An image of the data information knowledge pyramid

The data-information-knowledge pyramid, by Joe Gollner

From Stages of Knowledge to Steps in Data Processing

One of the most common procedures for dealing with data in many organizations is ETL, or Extract, Transform, Load:

  • Extraction is obtaining data, usually from multiple sources, that may differ in quality and/or quantity. This is the raw data itself.
  • Transformation means cleaning the data so that it conforms to certain standards. Once formatted and stored properly, data can be considered information.
  • Loading the data to a destination, such as a data warehouse, allows it to be queried and analyzed, which leads to knowledge. The data may then be integrated with other data.

Action is the final step, the most significant, yet also the most challenging. The right course of action is subjectively determined by keeping your goals in mind along with the broader market context. For example, a retailer’s decision about whether or not to sell a new product should be based on not only its goal of boosting sales, but also an awareness of how the assortment it offers compares to that of others in the market.

This returns the focus to data, completing the ETL loop. A data-driven business constantly monitors key performance indicators for improvement opportunities and asks which metrics might be missing. Because of the globalization and digitization of shopping, retailers are now forced to keep track of competitors they may have never heard about, not just the well-known names. Tracking becomes increasingly difficult due to the amount of data points being compounded over time. Historical recordkeeping is the only way to detect trends in data.

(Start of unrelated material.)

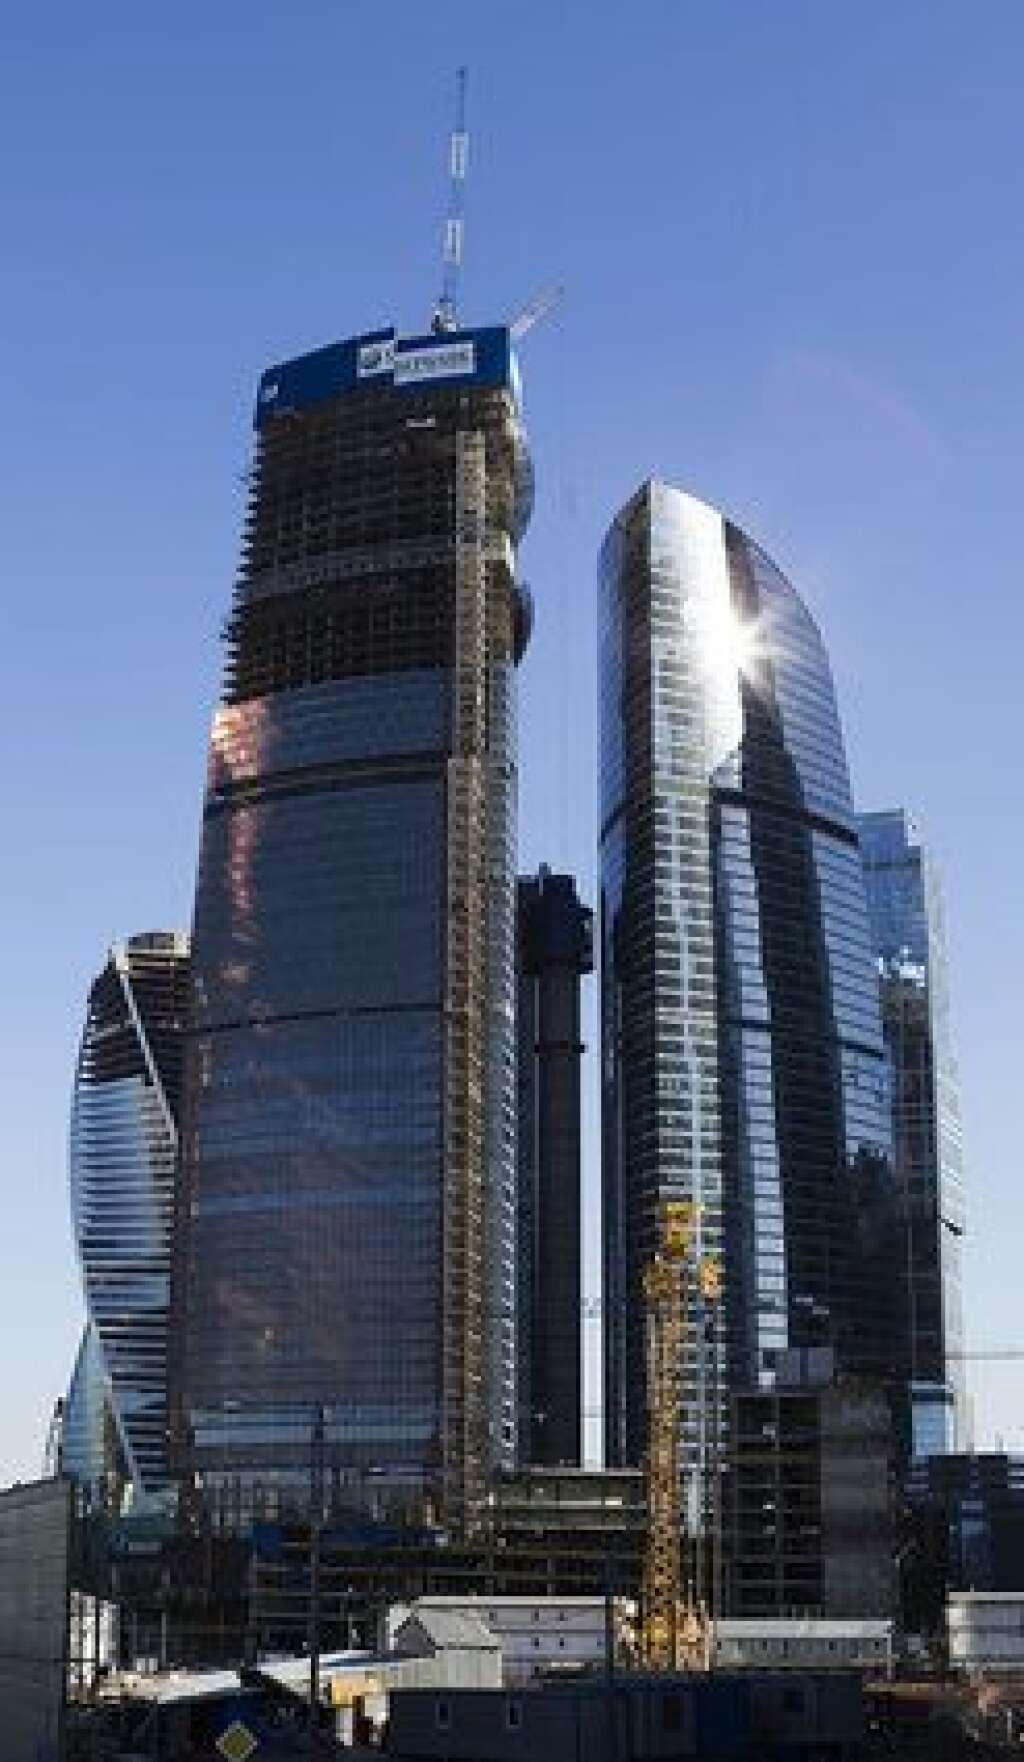 La Federation Tower à Moscou (Russie) - Après 12 années de travaux, la Federation Tower sera inaugurée dans l'année à Moscou. Située dans le quartier d'affaires de la capitale russe, ce double gratte-ciel de bureaux culminera à 360 mètres (hors pointe), pour devenir le plus haut d'Europe.

In particular, Wiser is able to serve as a modern oracle for those interested in questions relevant to eCommerce intelligence. For example, let’s say you wanted to know, “How early did Easter dress promotions start?” To answer such a question, Wiser has developed advanced product information technologies that include web extraction, automated classification, and on-demand analytics.

Turning Online Product Information into Answers

So where do you start? Finding the data to gather. Retailer homepages, email messages, and social media posts are all inputs for Wiser’s extraction system. Converting those into data tables involves analyzing the titles, images, and prices displayed, among other product attributes. At that point, it can be determined which data contains a keyword of interest (“dress,” “Calvin Klein”) or has been identified with other characteristics (sales offered by Bloomingdale’s or Dillards). Further investigation can be done to surface relevant insights that may be presented according to customer requests.

“Garbage in, garbage out” remains a relevant maxim, since there can be discrepancies or pitfalls in the information presented. The products on a given website may not actually match what the shelf is supposed to consist of—when accessories are included in a grouping mainly for dresses, for instance. While in theory an item could belong to multiple product categories, in practice there should be a single correct classification to facilitate accuracy of measurement. Most eCommerce websites feature a defined taxonomy. It appears as a navigational menu that begins with top-level categories and progressively shows more specific ones. But different websites make different choices about how to classify their products in terms of granularity and arrangement (“Clothing” as a subcategory of “Women” or vice versa).

Wiser’s approach is to standardize the range of retailer taxonomies into one developed in-house, not considered superior, but simply more functional for our customers’ need to make apples-to-apples comparisons across the retail landscape. In fact, a taxonomy is a knowledge organization system that should evolve along with an enterprise. This uniform classification is a specialized form of data integration that is necessary as a foundation for all the insights provided. Without a high level of confidence about which product category a webpage or tweet belongs to, there couldn’t be any big-picture assertions about price or assortment.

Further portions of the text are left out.